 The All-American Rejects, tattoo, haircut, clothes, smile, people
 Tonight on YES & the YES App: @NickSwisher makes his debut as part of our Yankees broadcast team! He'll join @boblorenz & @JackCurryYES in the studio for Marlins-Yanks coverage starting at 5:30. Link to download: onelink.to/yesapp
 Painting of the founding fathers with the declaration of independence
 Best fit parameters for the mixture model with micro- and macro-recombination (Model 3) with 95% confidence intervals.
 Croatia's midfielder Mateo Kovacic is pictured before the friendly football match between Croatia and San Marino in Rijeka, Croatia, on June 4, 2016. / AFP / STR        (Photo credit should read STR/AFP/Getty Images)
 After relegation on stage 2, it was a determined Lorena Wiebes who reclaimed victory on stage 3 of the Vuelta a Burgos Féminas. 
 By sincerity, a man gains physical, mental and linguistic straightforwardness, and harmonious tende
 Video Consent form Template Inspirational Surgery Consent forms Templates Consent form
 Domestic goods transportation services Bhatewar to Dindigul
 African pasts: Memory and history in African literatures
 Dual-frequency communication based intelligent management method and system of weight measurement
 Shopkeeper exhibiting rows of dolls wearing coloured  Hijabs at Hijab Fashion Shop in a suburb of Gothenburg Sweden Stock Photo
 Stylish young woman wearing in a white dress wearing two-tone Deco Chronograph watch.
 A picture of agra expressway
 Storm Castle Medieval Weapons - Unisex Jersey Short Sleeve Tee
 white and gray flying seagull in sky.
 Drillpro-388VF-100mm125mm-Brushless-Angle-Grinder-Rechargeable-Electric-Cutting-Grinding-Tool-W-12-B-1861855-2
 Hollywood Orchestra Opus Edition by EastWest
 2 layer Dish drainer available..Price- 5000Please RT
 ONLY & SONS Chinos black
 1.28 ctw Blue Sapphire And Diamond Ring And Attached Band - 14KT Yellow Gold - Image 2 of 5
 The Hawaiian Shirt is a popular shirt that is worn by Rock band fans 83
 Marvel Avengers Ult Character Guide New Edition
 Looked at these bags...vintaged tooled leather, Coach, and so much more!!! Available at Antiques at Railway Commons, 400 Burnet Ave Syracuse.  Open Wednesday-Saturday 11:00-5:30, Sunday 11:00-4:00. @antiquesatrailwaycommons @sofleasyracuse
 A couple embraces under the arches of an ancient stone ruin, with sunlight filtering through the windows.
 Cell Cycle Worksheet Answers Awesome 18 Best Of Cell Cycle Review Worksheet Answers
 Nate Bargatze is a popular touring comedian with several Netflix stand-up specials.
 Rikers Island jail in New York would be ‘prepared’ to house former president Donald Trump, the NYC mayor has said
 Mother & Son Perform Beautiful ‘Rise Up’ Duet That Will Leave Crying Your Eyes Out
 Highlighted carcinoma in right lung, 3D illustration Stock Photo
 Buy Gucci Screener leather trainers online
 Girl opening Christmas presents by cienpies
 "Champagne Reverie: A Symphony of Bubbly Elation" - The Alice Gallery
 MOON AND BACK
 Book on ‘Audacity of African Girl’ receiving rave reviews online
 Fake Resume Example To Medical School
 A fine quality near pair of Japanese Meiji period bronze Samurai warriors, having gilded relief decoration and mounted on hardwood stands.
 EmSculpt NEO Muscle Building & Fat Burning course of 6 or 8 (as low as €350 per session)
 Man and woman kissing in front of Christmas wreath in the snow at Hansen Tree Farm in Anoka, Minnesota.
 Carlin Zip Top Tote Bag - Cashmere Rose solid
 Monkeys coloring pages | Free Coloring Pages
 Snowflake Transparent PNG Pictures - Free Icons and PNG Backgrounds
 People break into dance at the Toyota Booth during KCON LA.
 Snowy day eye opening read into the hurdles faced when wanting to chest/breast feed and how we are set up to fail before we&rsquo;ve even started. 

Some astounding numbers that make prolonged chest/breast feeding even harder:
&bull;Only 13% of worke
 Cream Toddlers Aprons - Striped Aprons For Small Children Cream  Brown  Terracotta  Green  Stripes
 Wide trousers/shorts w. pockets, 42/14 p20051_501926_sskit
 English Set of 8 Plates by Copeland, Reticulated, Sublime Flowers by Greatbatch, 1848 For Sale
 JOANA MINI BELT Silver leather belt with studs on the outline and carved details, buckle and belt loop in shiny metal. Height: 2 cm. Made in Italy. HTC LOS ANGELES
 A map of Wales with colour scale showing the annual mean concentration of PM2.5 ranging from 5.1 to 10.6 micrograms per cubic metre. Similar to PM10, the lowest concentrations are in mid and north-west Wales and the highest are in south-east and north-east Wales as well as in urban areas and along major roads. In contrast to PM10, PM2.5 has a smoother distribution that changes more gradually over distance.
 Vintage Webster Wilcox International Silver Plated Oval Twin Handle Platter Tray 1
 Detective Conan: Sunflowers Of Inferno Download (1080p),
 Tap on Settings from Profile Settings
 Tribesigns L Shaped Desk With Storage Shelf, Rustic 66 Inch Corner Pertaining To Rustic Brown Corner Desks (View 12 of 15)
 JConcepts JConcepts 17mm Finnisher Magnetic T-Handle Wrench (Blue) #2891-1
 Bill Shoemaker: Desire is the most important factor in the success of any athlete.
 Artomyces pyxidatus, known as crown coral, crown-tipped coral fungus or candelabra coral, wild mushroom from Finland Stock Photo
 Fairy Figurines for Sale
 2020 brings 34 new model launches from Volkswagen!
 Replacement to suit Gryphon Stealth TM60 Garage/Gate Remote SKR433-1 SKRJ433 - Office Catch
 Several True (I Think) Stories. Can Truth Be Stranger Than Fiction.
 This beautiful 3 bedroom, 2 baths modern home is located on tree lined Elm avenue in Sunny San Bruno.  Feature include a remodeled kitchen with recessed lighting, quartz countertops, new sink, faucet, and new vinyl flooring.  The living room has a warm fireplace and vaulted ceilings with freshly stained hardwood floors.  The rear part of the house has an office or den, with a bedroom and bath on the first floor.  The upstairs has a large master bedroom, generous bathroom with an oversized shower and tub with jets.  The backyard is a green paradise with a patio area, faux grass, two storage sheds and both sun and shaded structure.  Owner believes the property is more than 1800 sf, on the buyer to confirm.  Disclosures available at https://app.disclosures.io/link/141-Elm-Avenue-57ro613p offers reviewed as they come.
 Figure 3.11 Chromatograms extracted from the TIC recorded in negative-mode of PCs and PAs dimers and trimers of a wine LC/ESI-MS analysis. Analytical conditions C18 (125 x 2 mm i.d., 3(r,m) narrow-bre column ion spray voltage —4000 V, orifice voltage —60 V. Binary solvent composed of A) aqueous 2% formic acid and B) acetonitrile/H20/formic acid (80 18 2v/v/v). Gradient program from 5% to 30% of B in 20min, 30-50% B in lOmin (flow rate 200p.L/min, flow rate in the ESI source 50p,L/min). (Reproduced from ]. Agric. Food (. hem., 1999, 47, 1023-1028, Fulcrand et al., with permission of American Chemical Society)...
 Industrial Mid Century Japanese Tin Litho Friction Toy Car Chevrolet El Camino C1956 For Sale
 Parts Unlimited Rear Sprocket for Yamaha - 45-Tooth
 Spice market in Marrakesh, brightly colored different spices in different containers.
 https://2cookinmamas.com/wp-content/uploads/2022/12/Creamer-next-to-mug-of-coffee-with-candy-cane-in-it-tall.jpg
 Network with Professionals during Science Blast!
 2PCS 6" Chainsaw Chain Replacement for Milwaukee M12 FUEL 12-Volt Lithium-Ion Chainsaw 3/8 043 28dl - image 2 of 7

......

_What is required_
Every entry must come back exactly as written above.

_Output for this task_
 The All-American Rejects, tattoo, haircut, clothes, smile, people
 Tonight on YES & the YES App: @NickSwisher makes his debut as part of our Yankees broadcast team! He'll join @boblorenz & @JackCurryYES in the studio for Marlins-Yanks coverage starting at 5:30. Link to download: onelink.to/yesapp
 Painting of the founding fathers with the declaration of independence
 Best fit parameters for the mixture model with micro- and macro-recombination (Model 3) with 95% confidence intervals.
 Croatia's midfielder Mateo Kovacic is pictured before the friendly football match between Croatia and San Marino in Rijeka, Croatia, on June 4, 2016. / AFP / STR        (Photo credit should read STR/AFP/Getty Images)
 After relegation on stage 2, it was a determined Lorena Wiebes who reclaimed victory on stage 3 of the Vuelta a Burgos Féminas. 
 By sincerity, a man gains physical, mental and linguistic straightforwardness, and harmonious tende
 Video Consent form Template Inspirational Surgery Consent forms Templates Consent form
 Domestic goods transportation services Bhatewar to Dindigul
 African pasts: Memory and history in African literatures
 Dual-frequency communication based intelligent management method and system of weight measurement
 Shopkeeper exhibiting rows of dolls wearing coloured  Hijabs at Hijab Fashion Shop in a suburb of Gothenburg Sweden Stock Photo
 Stylish young woman wearing in a white dress wearing two-tone Deco Chronograph watch.
 A picture of agra expressway
 Storm Castle Medieval Weapons - Unisex Jersey Short Sleeve Tee
 white and gray flying seagull in sky.
 Drillpro-388VF-100mm125mm-Brushless-Angle-Grinder-Rechargeable-Electric-Cutting-Grinding-Tool-W-12-B-1861855-2
 Hollywood Orchestra Opus Edition by EastWest
 2 layer Dish drainer available..Price- 5000Please RT
 ONLY & SONS Chinos black
 1.28 ctw Blue Sapphire And Diamond Ring And Attached Band - 14KT Yellow Gold - Image 2 of 5
 The Hawaiian Shirt is a popular shirt that is worn by Rock band fans 83
 Marvel Avengers Ult Character Guide New Edition
 Looked at these bags...vintaged tooled leather, Coach, and so much more!!! Available at Antiques at Railway Commons, 400 Burnet Ave Syracuse.  Open Wednesday-Saturday 11:00-5:30, Sunday 11:00-4:00. @antiquesatrailwaycommons @sofleasyracuse
 A couple embraces under the arches of an ancient stone ruin, with sunlight filtering through the windows.
 Cell Cycle Worksheet Answers Awesome 18 Best Of Cell Cycle Review Worksheet Answers
 Nate Bargatze is a popular touring comedian with several Netflix stand-up specials.
 Rikers Island jail in New York would be ‘prepared’ to house former president Donald Trump, the NYC mayor has said
 Mother & Son Perform Beautiful ‘Rise Up’ Duet That Will Leave Crying Your Eyes Out
 Highlighted carcinoma in right lung, 3D illustration Stock Photo
 Buy Gucci Screener leather trainers online
 Girl opening Christmas presents by cienpies
 "Champagne Reverie: A Symphony of Bubbly Elation" - The Alice Gallery
 MOON AND BACK
 Book on ‘Audacity of African Girl’ receiving rave reviews online
 Fake Resume Example To Medical School
 A fine quality near pair of Japanese Meiji period bronze Samurai warriors, having gilded relief decoration and mounted on hardwood stands.
 EmSculpt NEO Muscle Building & Fat Burning course of 6 or 8 (as low as €350 per session)
 Man and woman kissing in front of Christmas wreath in the snow at Hansen Tree Farm in Anoka, Minnesota.
 Carlin Zip Top Tote Bag - Cashmere Rose solid
 Monkeys coloring pages | Free Coloring Pages
 Snowflake Transparent PNG Pictures - Free Icons and PNG Backgrounds
 People break into dance at the Toyota Booth during KCON LA.
 Snowy day eye opening read into the hurdles faced when wanting to chest/breast feed and how we are set up to fail before we&rsquo;ve even started. 

Some astounding numbers that make prolonged chest/breast feeding even harder:
&bull;Only 13% of worke
 Cream Toddlers Aprons - Striped Aprons For Small Children Cream  Brown  Terracotta  Green  Stripes
 Wide trousers/shorts w. pockets, 42/14 p20051_501926_sskit
 English Set of 8 Plates by Copeland, Reticulated, Sublime Flowers by Greatbatch, 1848 For Sale
 JOANA MINI BELT Silver leather belt with studs on the outline and carved details, buckle and belt loop in shiny metal. Height: 2 cm. Made in Italy. HTC LOS ANGELES
 A map of Wales with colour scale showing the annual mean concentration of PM2.5 ranging from 5.1 to 10.6 micrograms per cubic metre. Similar to PM10, the lowest concentrations are in mid and north-west Wales and the highest are in south-east and north-east Wales as well as in urban areas and along major roads. In contrast to PM10, PM2.5 has a smoother distribution that changes more gradually over distance.
 Vintage Webster Wilcox International Silver Plated Oval Twin Handle Platter Tray 1
 Detective Conan: Sunflowers Of Inferno Download (1080p),
 Tap on Settings from Profile Settings
 Tribesigns L Shaped Desk With Storage Shelf, Rustic 66 Inch Corner Pertaining To Rustic Brown Corner Desks (View 12 of 15)
 JConcepts JConcepts 17mm Finnisher Magnetic T-Handle Wrench (Blue) #2891-1
 Bill Shoemaker: Desire is the most important factor in the success of any athlete.
 Artomyces pyxidatus, known as crown coral, crown-tipped coral fungus or candelabra coral, wild mushroom from Finland Stock Photo
 Fairy Figurines for Sale
 2020 brings 34 new model launches from Volkswagen!
 Replacement to suit Gryphon Stealth TM60 Garage/Gate Remote SKR433-1 SKRJ433 - Office Catch
 Several True (I Think) Stories. Can Truth Be Stranger Than Fiction.
 This beautiful 3 bedroom, 2 baths modern home is located on tree lined Elm avenue in Sunny San Bruno.  Feature include a remodeled kitchen with recessed lighting, quartz countertops, new sink, faucet, and new vinyl flooring.  The living room has a warm fireplace and vaulted ceilings with freshly stained hardwood floors.  The rear part of the house has an office or den, with a bedroom and bath on the first floor.  The upstairs has a large master bedroom, generous bathroom with an oversized shower and tub with jets.  The backyard is a green paradise with a patio area, faux grass, two storage sheds and both sun and shaded structure.  Owner believes the property is more than 1800 sf, on the buyer to confirm.  Disclosures available at https://app.disclosures.io/link/141-Elm-Avenue-57ro613p offers reviewed as they come.
 Figure 3.11 Chromatograms extracted from the TIC recorded in negative-mode of PCs and PAs dimers and trimers of a wine LC/ESI-MS analysis. Analytical conditions C18 (125 x 2 mm i.d., 3(r,m) narrow-bre column ion spray voltage —4000 V, orifice voltage —60 V. Binary solvent composed of A) aqueous 2% formic acid and B) acetonitrile/H20/formic acid (80 18 2v/v/v). Gradient program from 5% to 30% of B in 20min, 30-50% B in lOmin (flow rate 200p.L/min, flow rate in the ESI source 50p,L/min). (Reproduced from ]. Agric. Food (. hem., 1999, 47, 1023-1028, Fulcrand et al., with permission of American Chemical Society)...
 Industrial Mid Century Japanese Tin Litho Friction Toy Car Chevrolet El Camino C1956 For Sale
 Parts Unlimited Rear Sprocket for Yamaha - 45-Tooth
 Spice market in Marrakesh, brightly colored different spices in different containers.
 https://2cookinmamas.com/wp-content/uploads/2022/12/Creamer-next-to-mug-of-coffee-with-candy-cane-in-it-tall.jpg
 Network with Professionals during Science Blast!
 2PCS 6" Chainsaw Chain Replacement for Milwaukee M12 FUEL 12-Volt Lithium-Ion Chainsaw 3/8 043 28dl - image 2 of 7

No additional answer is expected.